Arnis in popular culture reflects the impact that the Filipino martial arts of arnis/eskrima/kali have made outside of the martial arts community. The three terms are roughly interchangeable and for the purpose of convenience, the term arnis will be used throughout the article. These arts emphasize weapon-based fighting with sticks, blades, improvised weapons and hand-to-hand fighting which is formally known as Mano Mano or Pangamut. Because of this training with live weapons, elements of arnis have made an impact in film, video games, television, and comic books. Arnis is often used to train actors and stuntmen how to handle similar weapons for use in movies.

==Film (most recent first)==
- 2021: In the animated Disney movie Raya and the Last Dragon, the fighting style of Raya (voiced by Kelly Marie Tran) is based on pencak silat from Indonesia and arnis from the Philippines.

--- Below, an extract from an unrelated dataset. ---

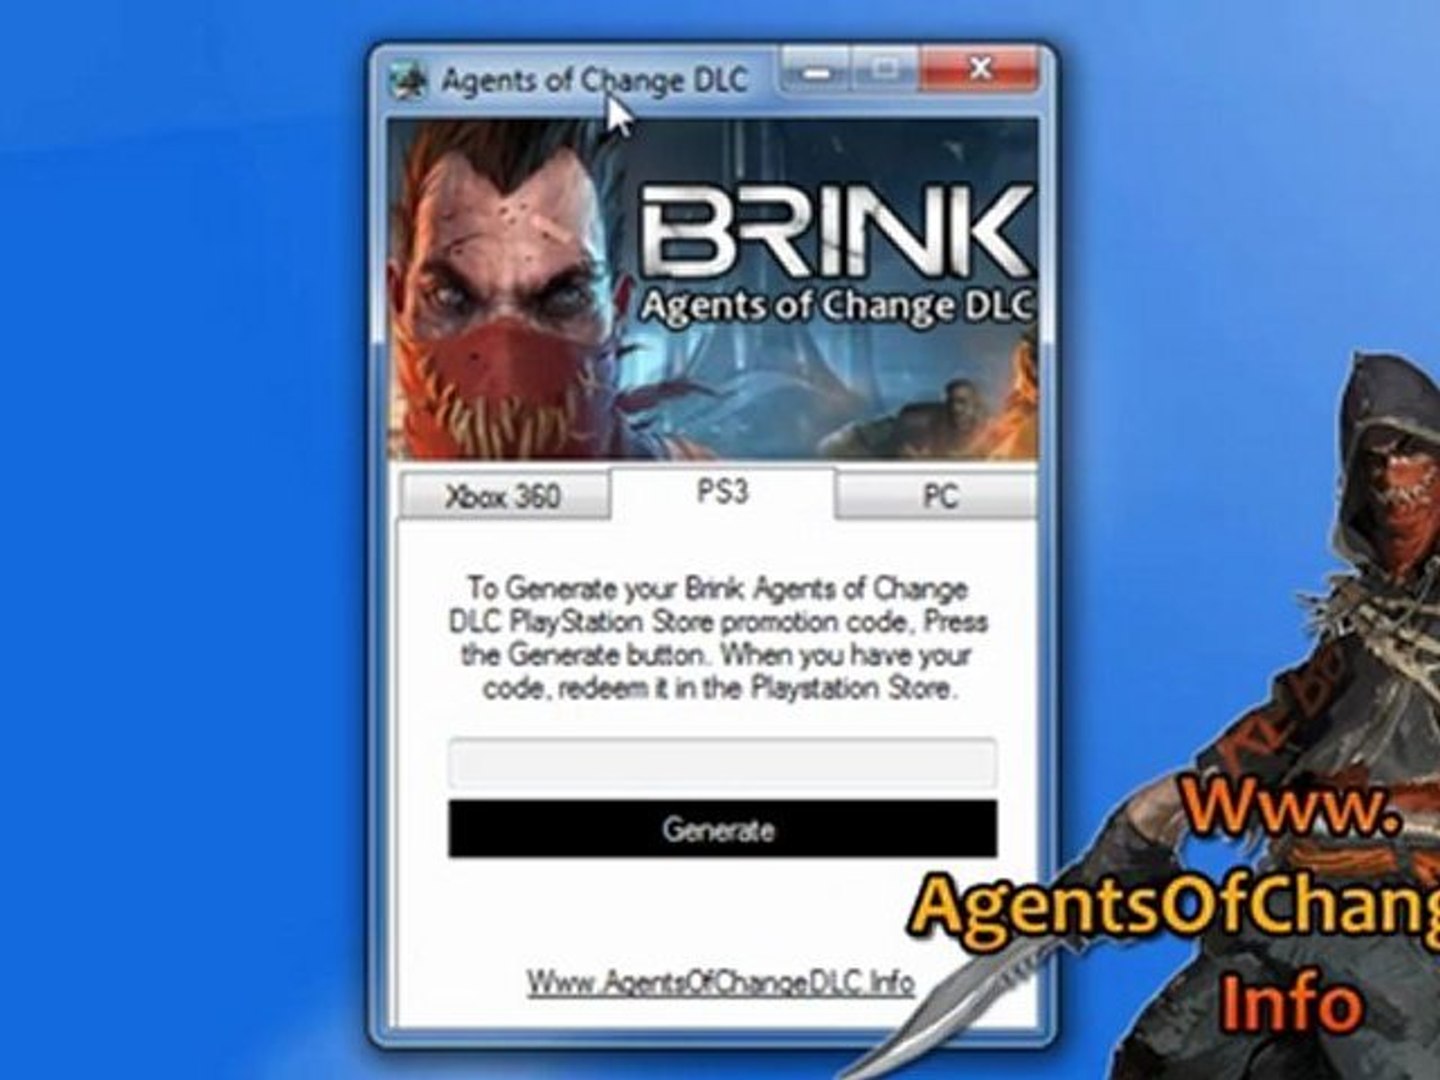 Brink Agents of Change DLC Code Free Download - video Dailymotion

- 2021: In the film Dune, according to director Denis Villeneuve, eskrima is used as the primary style of fighting in the film due to the use of personal force fields necessitating a return to knife fighting, as only slow moving objects may penetrate said shielding.
- 2020: The Netflix film, The Old Guard featured Charlize Theron, and her fellow actors using various martial arts for their scenes, including Hung Gur, taekwondo, judo, silat, kali, and more.
- 2017: In the film John Wick: Chapter 2, Keanu Reeves played the role of John Wick, an elite hitman who relies heavily on the deadly martial art of arnis for most of his bladed encounters. The best single scene for a close-up look at some of the techniques and footwork John Wick takes from this art is the train knife fight with Common's character Cassian. A classic brutal knife duel effectively showcasing John Wick's knife fighting style of choice through his complex live hand moves and elegant "hakbang" movement or footwork.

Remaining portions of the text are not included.